Unfortunately for this insecure attempt at MAC construction, SHA-1 is vulnerable to length extension attacks.
Your task for this homework is to carry out a length extension attack that appends the string `&file_name=hw4_part2.txt` to the above API query and forges a corresponding token that will validate against the server, thus allowing you to download the rest of your homework.
Your attack will necessarily need to include some binary garbage in the API string; this is fine, since the server won't notice as long as it's appropriately URL-encoded.

**Part 1 has 22 points, and Part 2 has 10 points,** thus this homework has 32 points in total.
But this will be divided by 30 to get the final percentage. Final percentages are capped at 100%.

Please be guided on the policies regarding late submissions, regrading, and collaboration.
If any, please direct all your questions and clarifications about this homework in the `#hw4-help` channel on 
the Discord server.

## Some reminders

You are not allowed to use additional third-party libraries other than those explicitly used here, though libraries within the Python standard library are fair game.

Although there are Python libraries that automagically do the length extension attack for you, you are expected for this homework to implement the logic of the attack yourself.

**Very important:** When dealing with hash functions, always work with raw bytes, never with encoded strings.

## Some background

In most applications, you should use MACs such as HMAC-SHA256 instead of plain cryptographic hash functions (e.g., MD5, SHA-1, or SHA-256) because hashes fail to match our intuitive security expectations.
What we really want is something that behaves like a pseudorandom function, which HMACs seem to approximate and hash functions do not.

One difference between hash functions and pseudorandom functions is that many hashes are subject to *length extension*.
Many common hash functions use a design called the Merkle–Damgård construction.
Each is built around a compression function $h$ and maintains an internal state $t$, which is initialized to a fixed constant.
Messages are processed in fixed-size blocks by applying the compression function to the current state and current block to compute an updated internal state, i.e., $t_{i+1} := h(t_i, m_i)$.
The result of the final application of the compression function becomes the output of the hash function.

A consequence of this design is that if we know the hash of an $n$-block message, we can find the hash of longer messages by applying the compression function for each block $m_{n+1}, m_{n+2}, \dots$ that we want to add.
This process is called length extension, and it can be used to attack many applications of hash functions.

Length extension attacks can cause serious vulnerabilities when people mistakenly try to construct something like an HMAC by using `H(secret || message)`.
In 2009, security researchers found that the API used by the photo-sharing site Flickr suffered from a length-extension vulnerability almost exactly like the one in this homework.

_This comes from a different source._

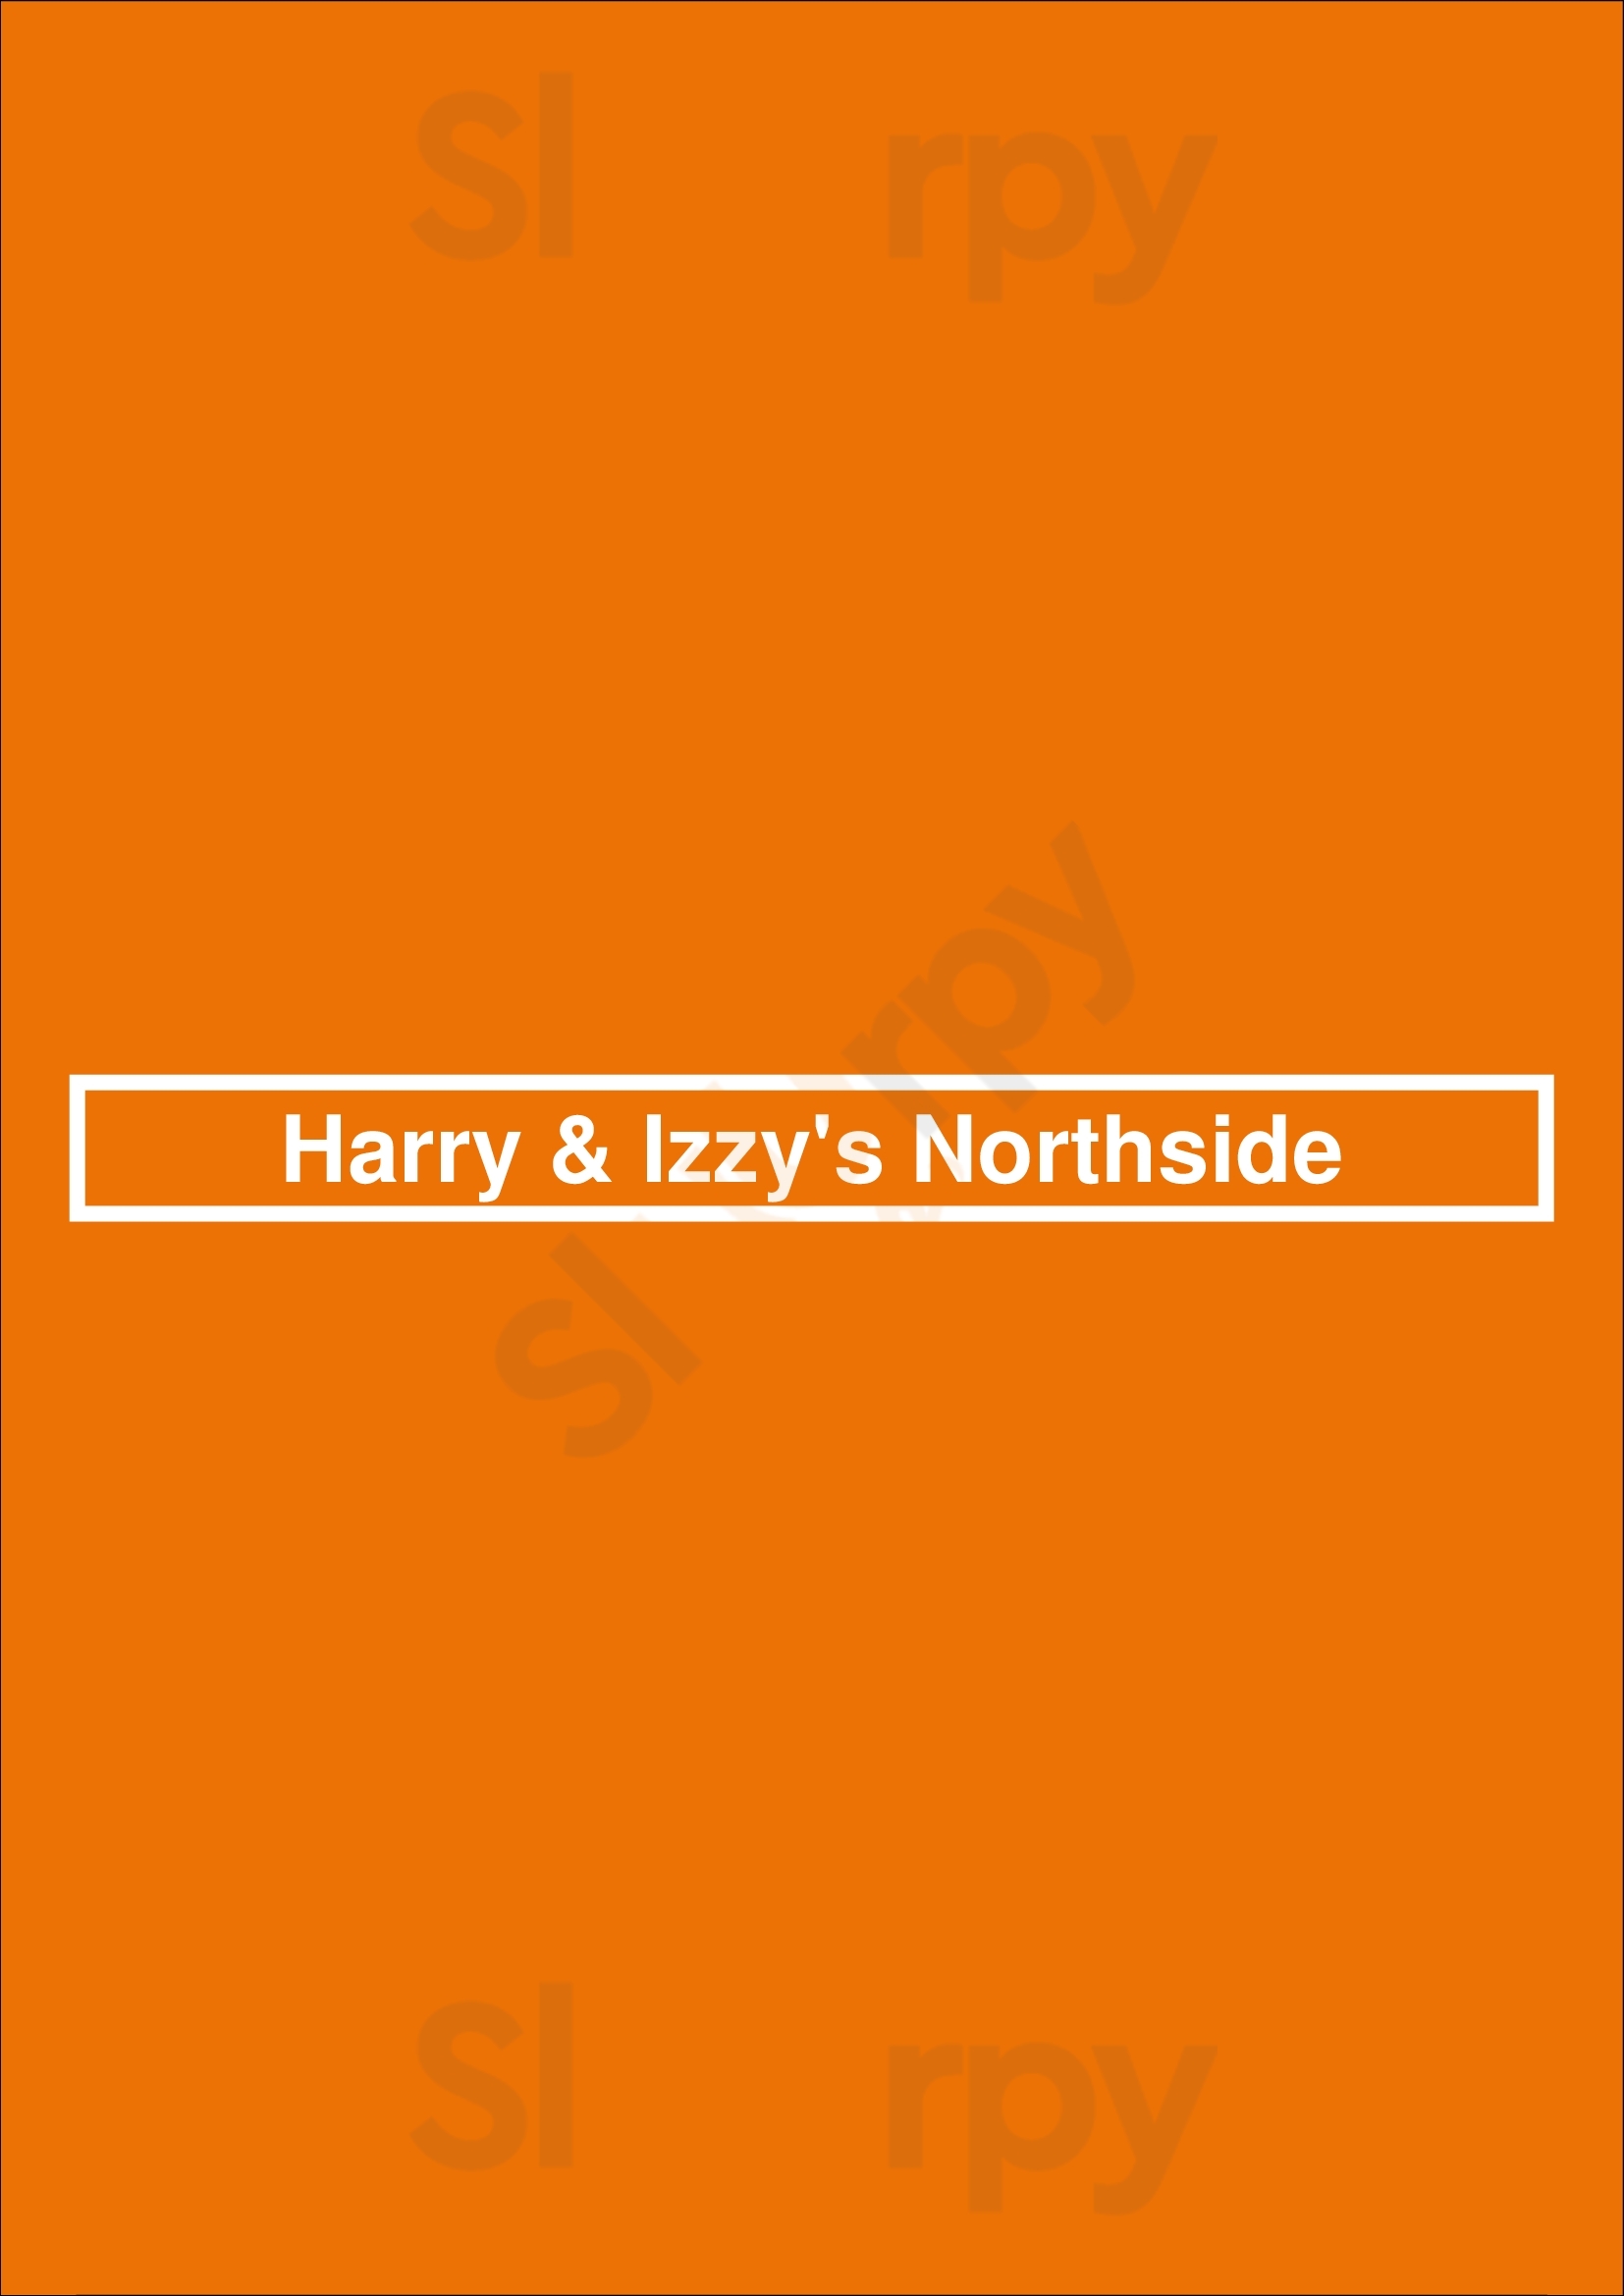 Harry & Izzy's Northside Indianapolis Menu - 1

Here are some additional resources that might help:
* https://blog.skullsecurity.org/2012/everything-you-need-to-know-about-hash-length-extension-attacks
* Here's the original NIST publication (FIPS 180-4) that defines SHA-1 and other Secure Hash algorithms: https://nvlpubs.nist.gov/nistpubs/FIPS/NIST.FIPS.180-4.pdf
* The source code of the FailHealth web server can be found here: https://gist.github.com/alltootechnical/a33723a808bca0106250a22944770fd2

## Getting started

Here are the libraries and functions we might need for later:

In [2]:
from binascii import hexlify, unhexlify
import requests

In [3]:
from urllib.parse import quote_from_bytes, unquote_to_bytes, urlparse, parse_qs

For this homework, we will be using a (pure) Python implementation of the SHA-1 hash function, instead of relying on the built-in `hashlib` library.
You can download the `sha1` module in the following link: https://gist.github.com/alltootechnical/f7b4c04f005412d4d7c00c543b925feb.
(Once downloaded, place the `sha1.py` file in the same directory as this notebook.)

Try to follow along so that you can familiarize yourself with this particular implementation.

Consider the string `hash functions are super secure`.
We can compute its SHA-1 hash by running:

In [4]:
from sha1 import SHA1, padding

In [5]:
m = b'hash functions are super secure'

In [6]:
sha1 = SHA1()
sha1.update(m)
sha1.hexdigest()

'3d3dc78f186e3815775ffc44104b348d9eb77c5c'

The output should be `3d3dc78f186e3815775ffc44104b348d9eb77c5c`.

SHA-1 processes messages in 512-bit blocks, so internally, the hash function pads `m` to a multiple of that length.
The padding consists of the bit `1`, followed by as many `0` bits as necessary, followed by a 64-bit count of the number of bits in the unpadded message.
(If the `1` and the count won't fit in the current block, an additional block is added.) 

For your convenience, you can use the function `padding(count)` in the `sha1` module to compute the padding that will be added to a `count`-bit message.

Even if we didn't know `m`, we could compute the hash of longer messages of the general form `m || padding(len(m)*8) || suffix` by setting the initial internal state of our SHA-1 function to `SHA-1(m)`, instead of the default magic constants, and setting the function's message length counter to the size of `m` plus the padding (a multiple of the block size).

To find the padded message length (in bits), guess the length of `m` and run `bits = (len(m) + len(padding(len(m) * 8))) * 8`. If you want that in bytes, just divide by 8.

## 4-1. Length extension warm-ups [5 pts]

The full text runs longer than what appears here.